[Records drawn from a dataset]
____

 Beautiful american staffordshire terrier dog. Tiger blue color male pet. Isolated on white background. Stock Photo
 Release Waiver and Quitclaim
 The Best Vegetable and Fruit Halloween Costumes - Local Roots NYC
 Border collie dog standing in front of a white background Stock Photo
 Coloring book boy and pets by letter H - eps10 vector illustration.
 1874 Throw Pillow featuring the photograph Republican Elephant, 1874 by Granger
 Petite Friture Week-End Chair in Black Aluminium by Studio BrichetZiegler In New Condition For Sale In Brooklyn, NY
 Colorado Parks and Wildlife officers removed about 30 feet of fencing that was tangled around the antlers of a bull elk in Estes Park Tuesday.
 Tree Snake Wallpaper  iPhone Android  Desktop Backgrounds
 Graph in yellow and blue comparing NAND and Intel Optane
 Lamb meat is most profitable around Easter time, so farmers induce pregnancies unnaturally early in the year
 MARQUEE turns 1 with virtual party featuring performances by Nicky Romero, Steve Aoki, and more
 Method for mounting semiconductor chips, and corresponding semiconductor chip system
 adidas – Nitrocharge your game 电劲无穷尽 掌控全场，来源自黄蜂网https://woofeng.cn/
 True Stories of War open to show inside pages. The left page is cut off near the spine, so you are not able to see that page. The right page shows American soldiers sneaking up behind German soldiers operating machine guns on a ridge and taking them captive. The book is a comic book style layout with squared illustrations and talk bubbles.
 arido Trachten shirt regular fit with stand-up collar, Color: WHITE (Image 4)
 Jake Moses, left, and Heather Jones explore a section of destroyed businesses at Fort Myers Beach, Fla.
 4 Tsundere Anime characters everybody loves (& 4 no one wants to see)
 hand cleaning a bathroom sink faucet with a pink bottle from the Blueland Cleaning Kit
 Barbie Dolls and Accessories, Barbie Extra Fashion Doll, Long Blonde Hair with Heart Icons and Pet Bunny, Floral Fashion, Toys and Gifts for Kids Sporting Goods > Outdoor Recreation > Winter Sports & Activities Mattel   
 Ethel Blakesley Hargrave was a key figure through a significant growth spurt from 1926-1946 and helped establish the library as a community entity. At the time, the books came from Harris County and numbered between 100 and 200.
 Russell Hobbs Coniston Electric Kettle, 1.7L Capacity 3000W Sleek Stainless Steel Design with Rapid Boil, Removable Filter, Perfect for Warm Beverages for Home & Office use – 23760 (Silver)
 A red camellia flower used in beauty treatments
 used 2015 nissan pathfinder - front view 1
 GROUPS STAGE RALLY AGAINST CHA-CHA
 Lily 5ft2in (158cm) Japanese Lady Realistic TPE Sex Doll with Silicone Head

____

EXERCISE DESCRIPTION -> Make an exact copy of all the lines above.

REPLY ->
 Beautiful american staffordshire terrier dog. Tiger blue color male pet. Isolated on white background. Stock Photo
 Release Waiver and Quitclaim
 The Best Vegetable and Fruit Halloween Costumes - Local Roots NYC
 Border collie dog standing in front of a white background Stock Photo
 Coloring book boy and pets by letter H - eps10 vector illustration.
 1874 Throw Pillow featuring the photograph Republican Elephant, 1874 by Granger
 Petite Friture Week-End Chair in Black Aluminium by Studio BrichetZiegler In New Condition For Sale In Brooklyn, NY
 Colorado Parks and Wildlife officers removed about 30 feet of fencing that was tangled around the antlers of a bull elk in Estes Park Tuesday.
 Tree Snake Wallpaper  iPhone Android  Desktop Backgrounds
 Graph in yellow and blue comparing NAND and Intel Optane
 Lamb meat is most profitable around Easter time, so farmers induce pregnancies unnaturally early in the year
 MARQUEE turns 1 with virtual party featuring performances by Nicky Romero, Steve Aoki, and more
 Method for mounting semiconductor chips, and corresponding semiconductor chip system
 adidas – Nitrocharge your game 电劲无穷尽 掌控全场，来源自黄蜂网https://woofeng.cn/
 True Stories of War open to show inside pages. The left page is cut off near the spine, so you are not able to see that page. The right page shows American soldiers sneaking up behind German soldiers operating machine guns on a ridge and taking them captive. The book is a comic book style layout with squared illustrations and talk bubbles.
 arido Trachten shirt regular fit with stand-up collar, Color: WHITE (Image 4)
 Jake Moses, left, and Heather Jones explore a section of destroyed businesses at Fort Myers Beach, Fla.
 4 Tsundere Anime characters everybody loves (& 4 no one wants to see)
 hand cleaning a bathroom sink faucet with a pink bottle from the Blueland Cleaning Kit
 Barbie Dolls and Accessories, Barbie Extra Fashion Doll, Long Blonde Hair with Heart Icons and Pet Bunny, Floral Fashion, Toys and Gifts for Kids Sporting Goods > Outdoor Recreation > Winter Sports & Activities Mattel   
 Ethel Blakesley Hargrave was a key figure through a significant growth spurt from 1926-1946 and helped establish the library as a community entity. At the time, the books came from Harris County and numbered between 100 and 200.
 Russell Hobbs Coniston Electric Kettle, 1.7L Capacity 3000W Sleek Stainless Steel Design with Rapid Boil, Removable Filter, Perfect for Warm Beverages for Home & Office use – 23760 (Silver)
 A red camellia flower used in beauty treatments
 used 2015 nissan pathfinder - front view 1
 GROUPS STAGE RALLY AGAINST CHA-CHA
 Lily 5ft2in (158cm) Japanese Lady Realistic TPE Sex Doll with Silicone Head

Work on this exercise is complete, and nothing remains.